NEWS

IMF review draws muted response from Greek coalition

There was a muted response on Thursday from Greece’s coalition parties to the International Monetary Fund’s admission of serious errors in the Greek bailout as the European Commission indicated that it did not concur with the assessment of the country’s program.

Speaking a few hours after the IMF published its thoughts on the bailout, Prime Minister Antonis Samaras, a fierce opponent of the policy mix in the first memorandum, said that the report highlighted the mistakes he had been critical of “from the start.” Samaras, who was on a trip to Finland, stressed however that Greece should not dwell on the implications of the IMF’s review.

“I do not look back. I am looking forward,” he said. “We must achieve and beat the targets in the program. Nothing should distract us from this.”

New Democracy’s coalition partners were also reserved in their comments on the IMF’s paper. PASOK leader Evangelos Venizelos suggested that the Fund’s findings backed up his reservations about the first program and underlined its role in fueling recession and unemployment. Democratic Left issued a statement calling for elements of the program that “are not producing results,” such as higher taxes, to be changed.

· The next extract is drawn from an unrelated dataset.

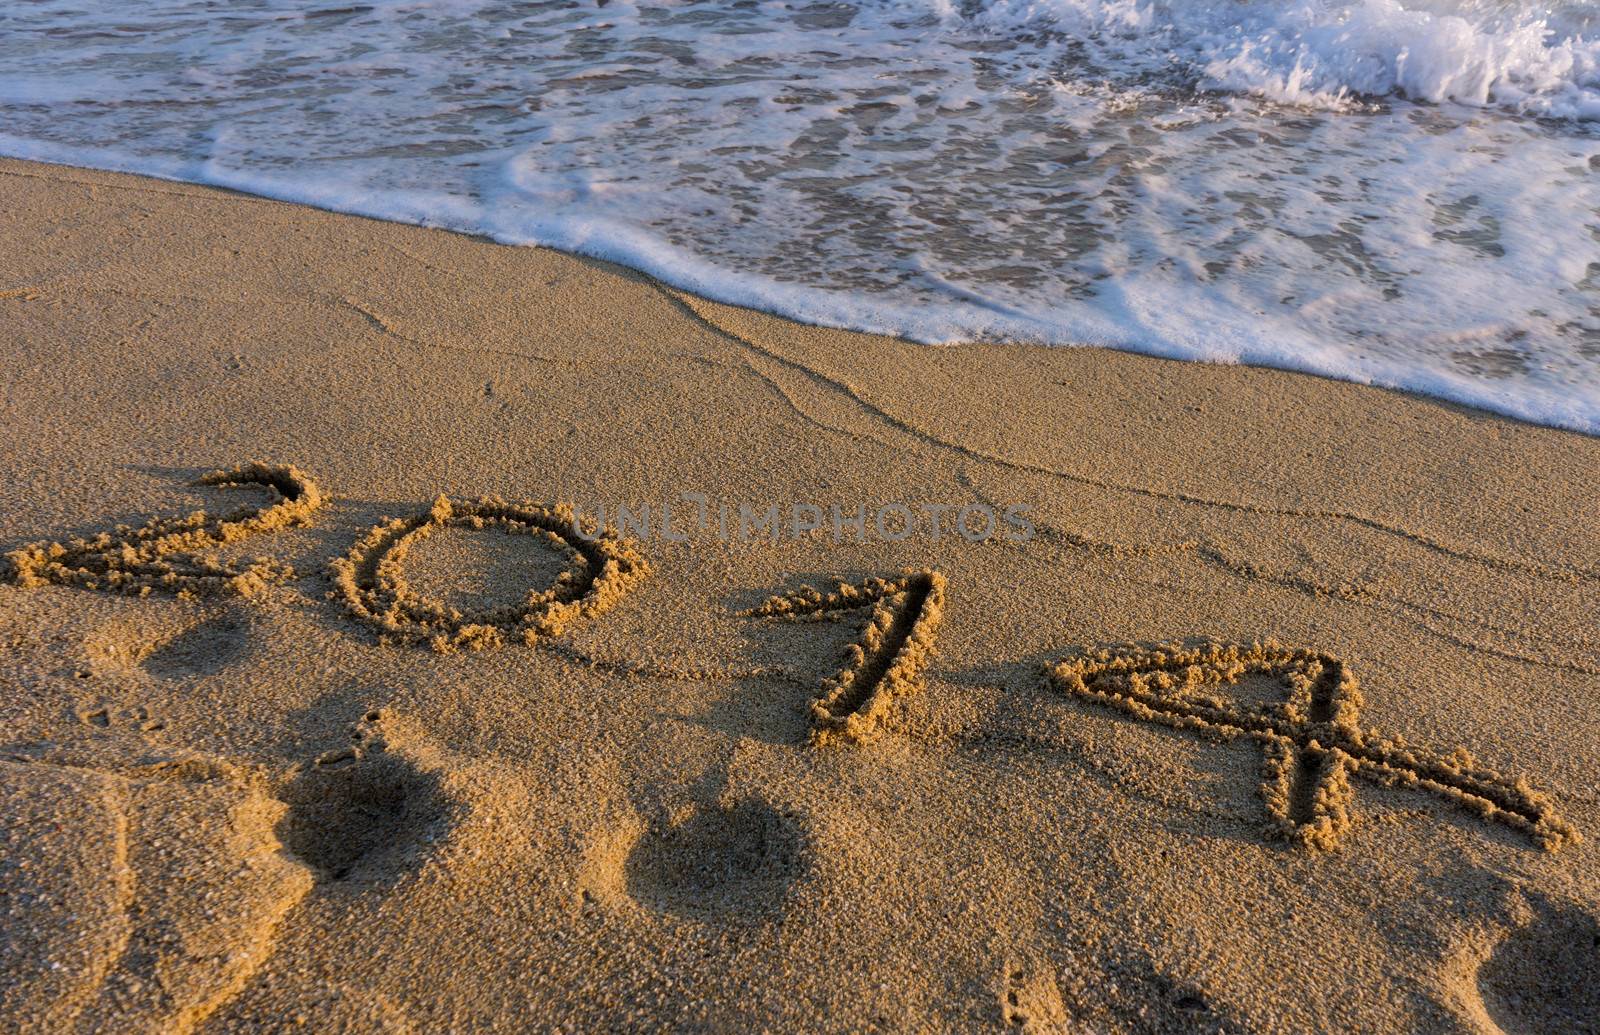 Year 2014 on the beach by photosil

SYRIZA was more vociferous in its response, arguing that the IMF document justified the leftist party’s opposition to the terms of the bailout. “Greece was used as a guinea pig so the same rigid policies could be implemented in other EU countries,” said SYRIZA’s economic policy spokesman, Yiannis Milios. He warned that the IMF’s projection of a 4.6-billion-euro funding gap in 2014 would prompt the government to adopt more austerity measures.

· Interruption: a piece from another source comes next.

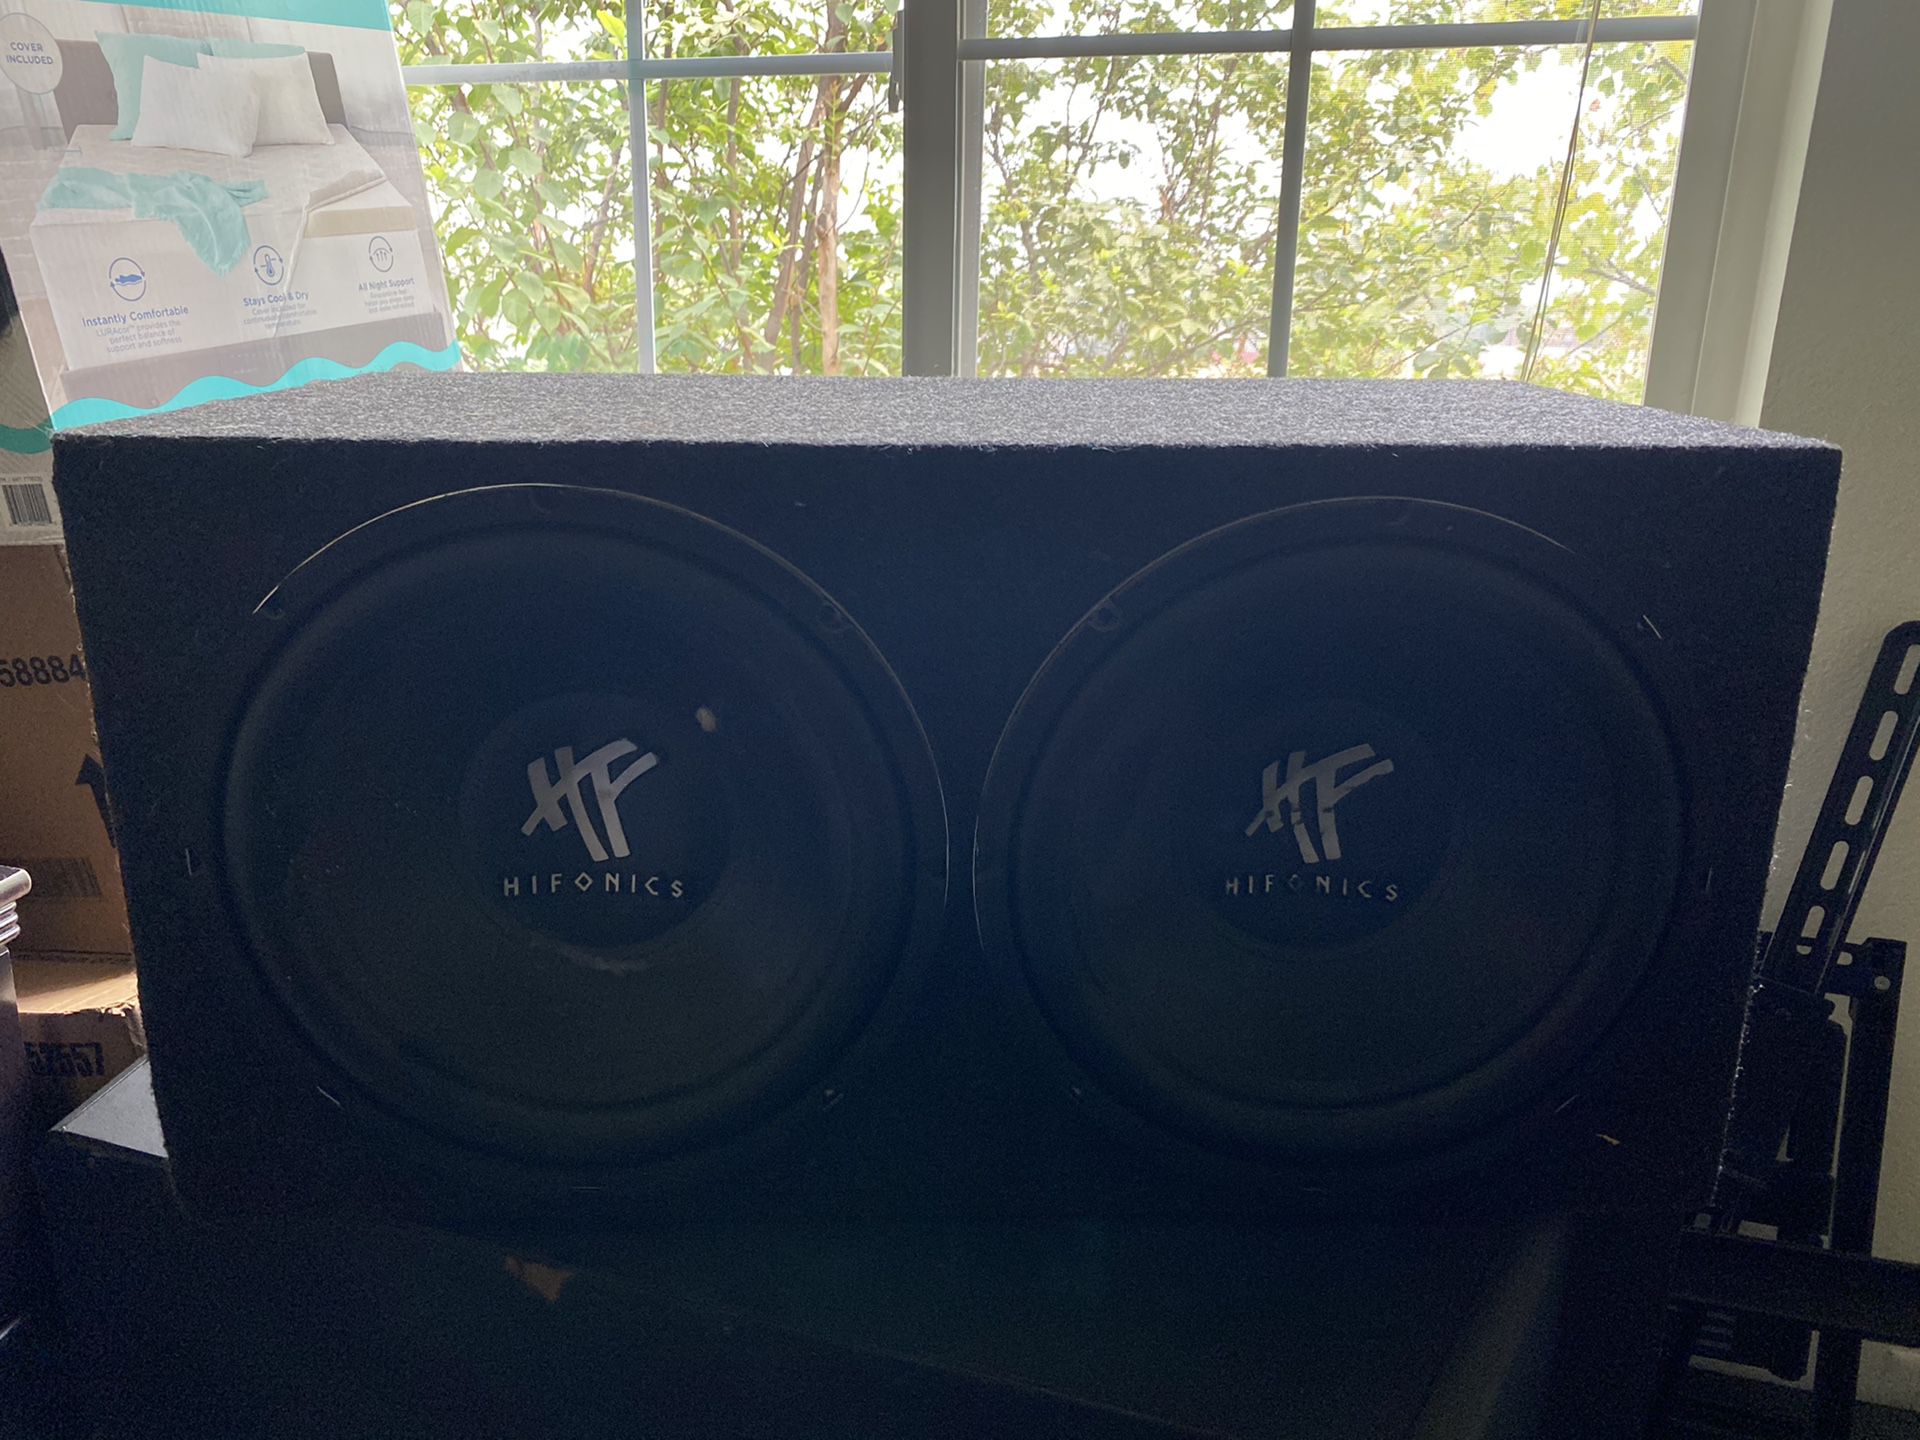 12” speakers hifonics

Representatives of the other two parties in Greece’s so-called troika of international creditors – the European Commission and the European Central Bank – both rebuffed the IMF report’s claims. EC spokesman Simon O’Connor defended the Commission’s handling of the Greek debt crisis, telling reporters in Brussels, “We fundamentally disagree” with the claims in the report. He claimed that an earlier restructuring of the Greek debt would have led to “devastating consequences,” noting that the report “ignores the interconnected nature of the euro-area member states.”

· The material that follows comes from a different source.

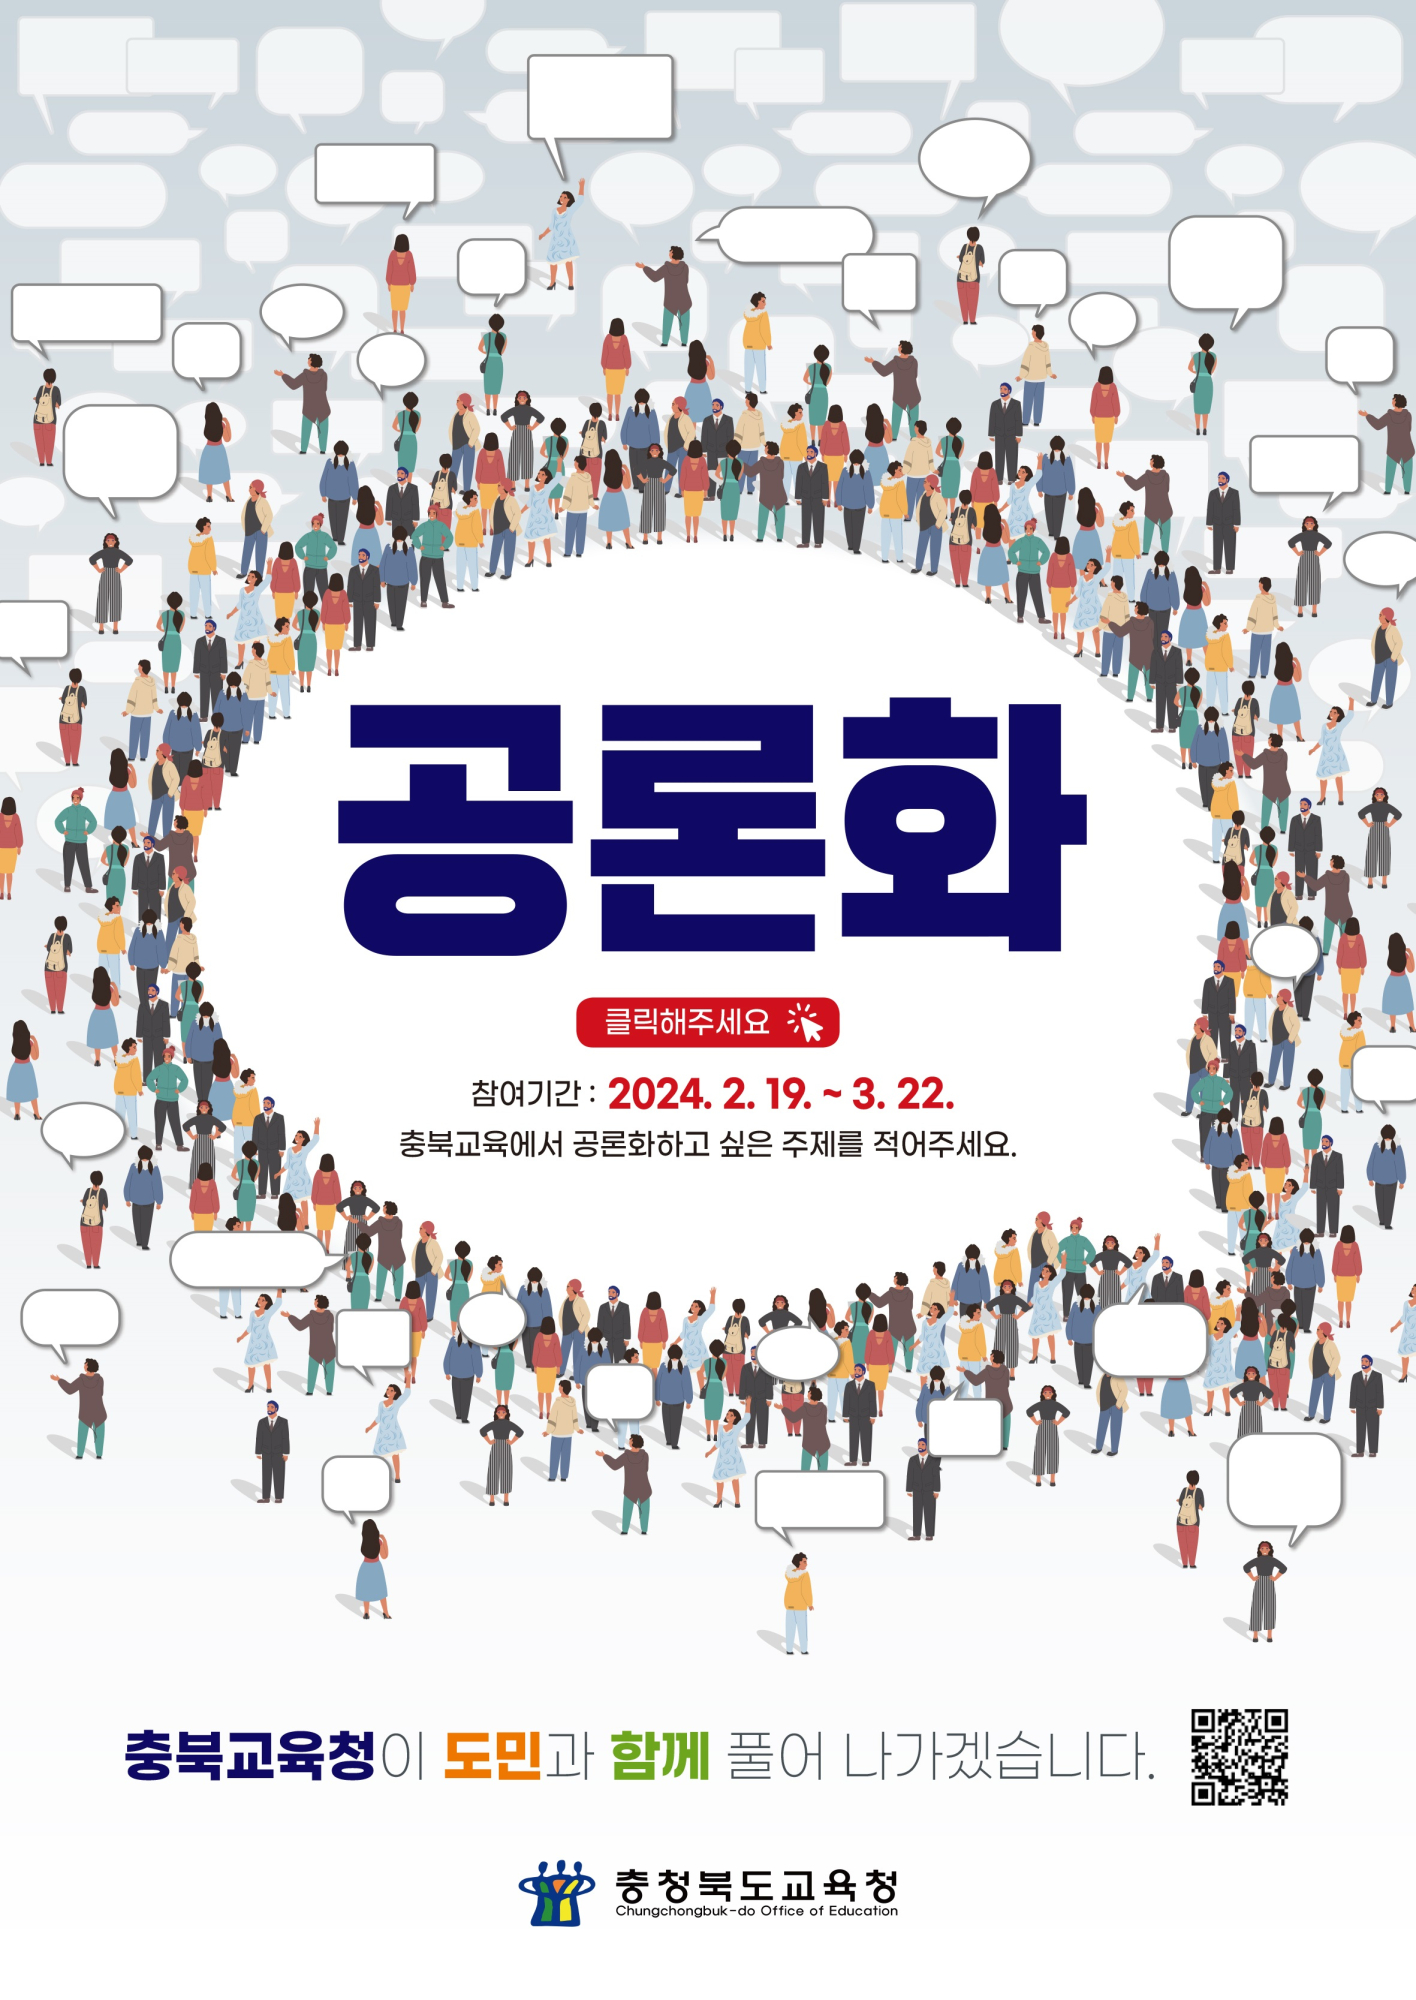 2024. 충북교육 공론화사업 의제 제안 재안내

Asked about the IMF’s report in Frankfurt, ECB President Mario Draghi said he had not read it but that any real shortcomings it has highlighted would be taken on board. He refused to take any blame, however, saying it was wrong to make judgments with the benefit of hindsight. “Often, mea culpas are a mistake of historical projection and tend to judge things that happened yesterday with today’s eyes,” he said. Both O’Connor and Draghi drew attention to the progress Greece has made since 2010 in terms of stabilizing its economy.